Sigman defends a sport like chess because it invites you to think without haste or algorithms. Photo:Roslan RAHMAN / AFP
In that sense, how much can returning to reading also help…
“What reading has is that it requires a certain effort and something that is very at risk today, which is sustaining that effort for a time, what we were talking about with chess. That is, the ability to persist… Many people now watch television and are looking at their phone at the same time, because it is no longer enough for them. One of the things that happens with all addictions is that, the same stimulus becomes insufficient to achieve the same response. Social networks have that. Without realizing it, you spend 30 days scrolling and then you wonder what you have done in that time. In contrast, when you read a book you exercise something very important which is volitional control (the ability of the will to act consciously and deliberately), which is what makes one, one, precisely.”

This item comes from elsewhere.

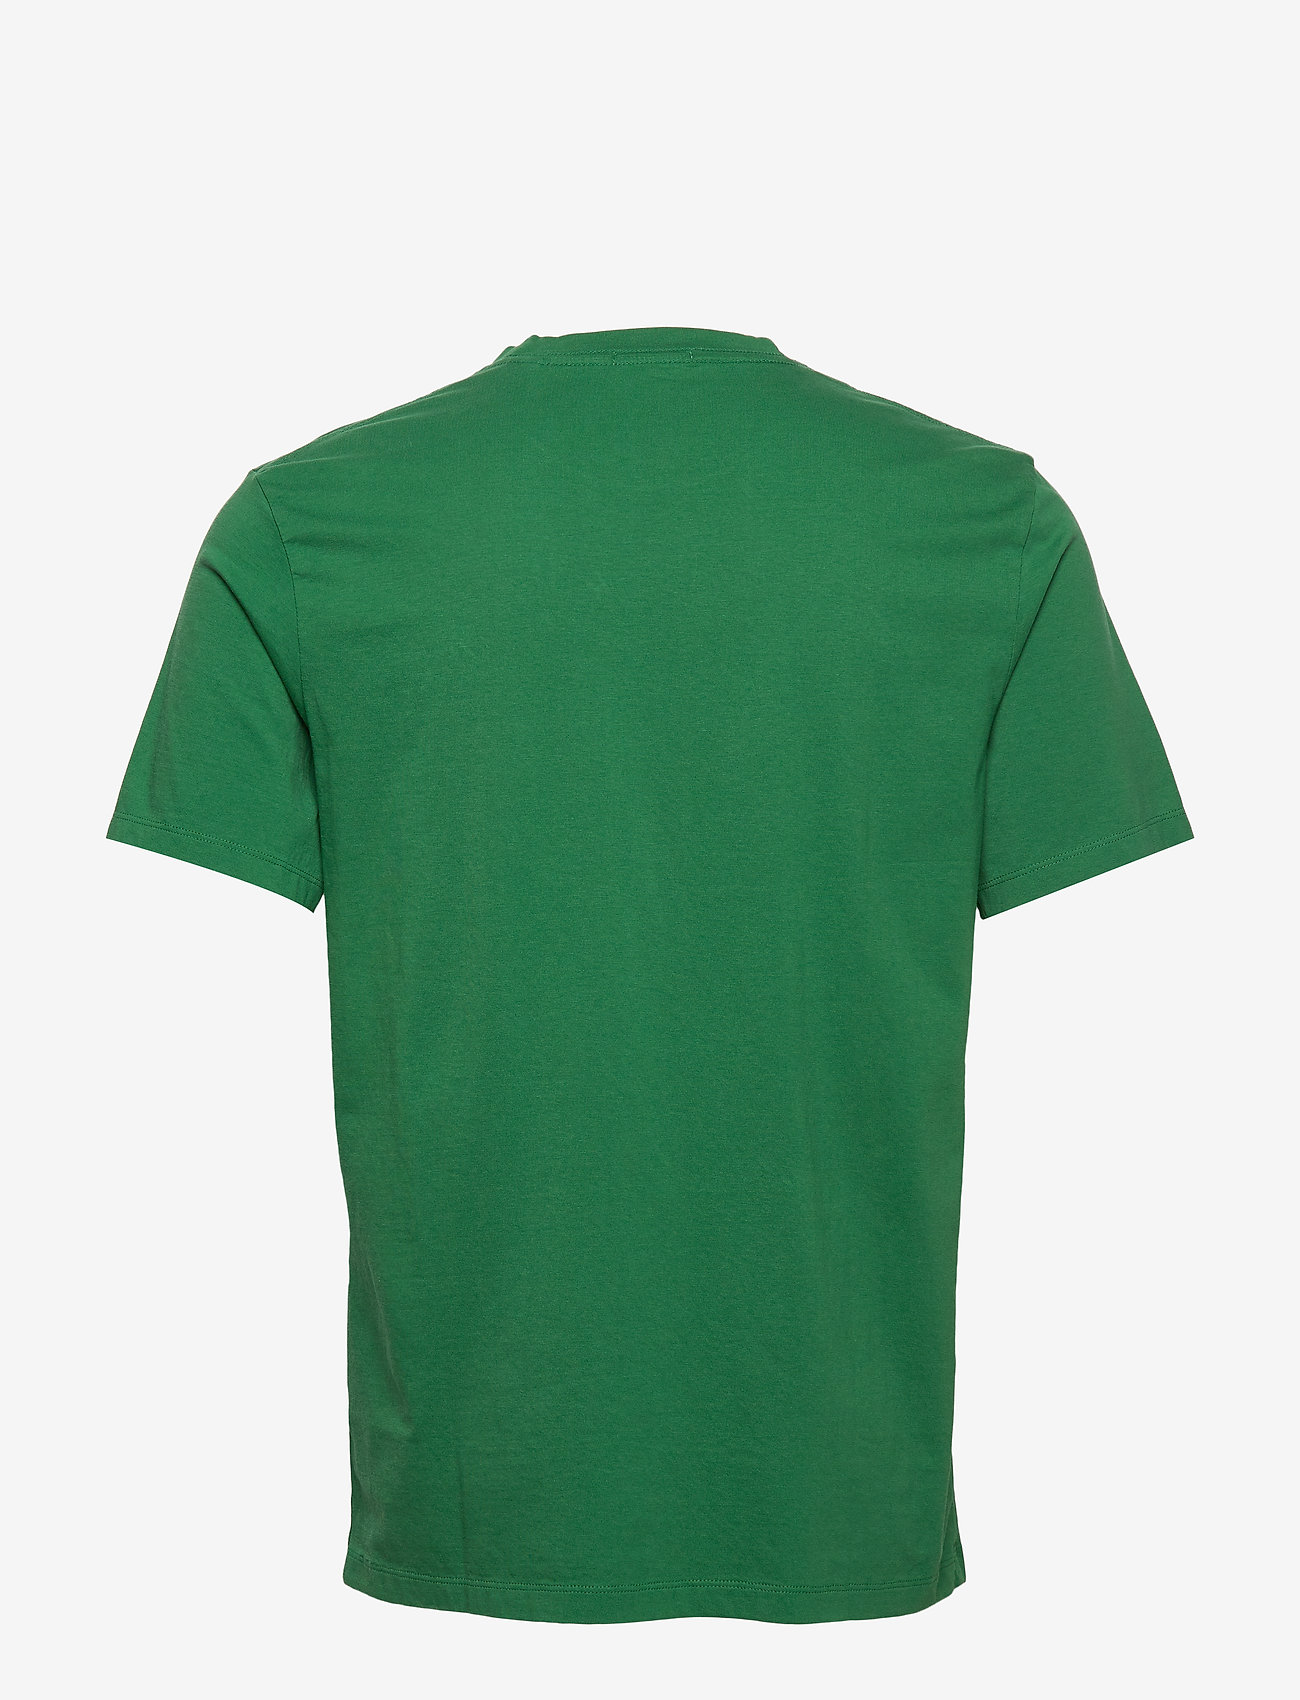 Scotch & Soda - Classic crewneck tee in organic cotton jersey - basic t-shirts - fern - 1

I wanted to ask you about the risk of artificial intelligence and ‘fake news’ in election times…
“Your question is very important, because one of the most delicate things that is happening now is how we do to maintain credibility and trust at a time so prone to all kinds of impostures, and the solution is not simple. Among many other things, it requires from each person a huge exercise of critical thinking, of being alert, of a healthy skepticism. Before, you said: ‘I saw it with my own eyes.’ Well, now, still, you have to doubt. That doesn’t mean you’re in permanent doubt, but you ask yourself, you reason… you don’t respond immediately, but you reflect.”
But we are in an era that demands immediate answers.
“That is part of the trap. Better to say: ‘Sorry, I can’t answer you now. I need to think about it.’ That ‘I need to think about it’ is a good phrase for all of us.”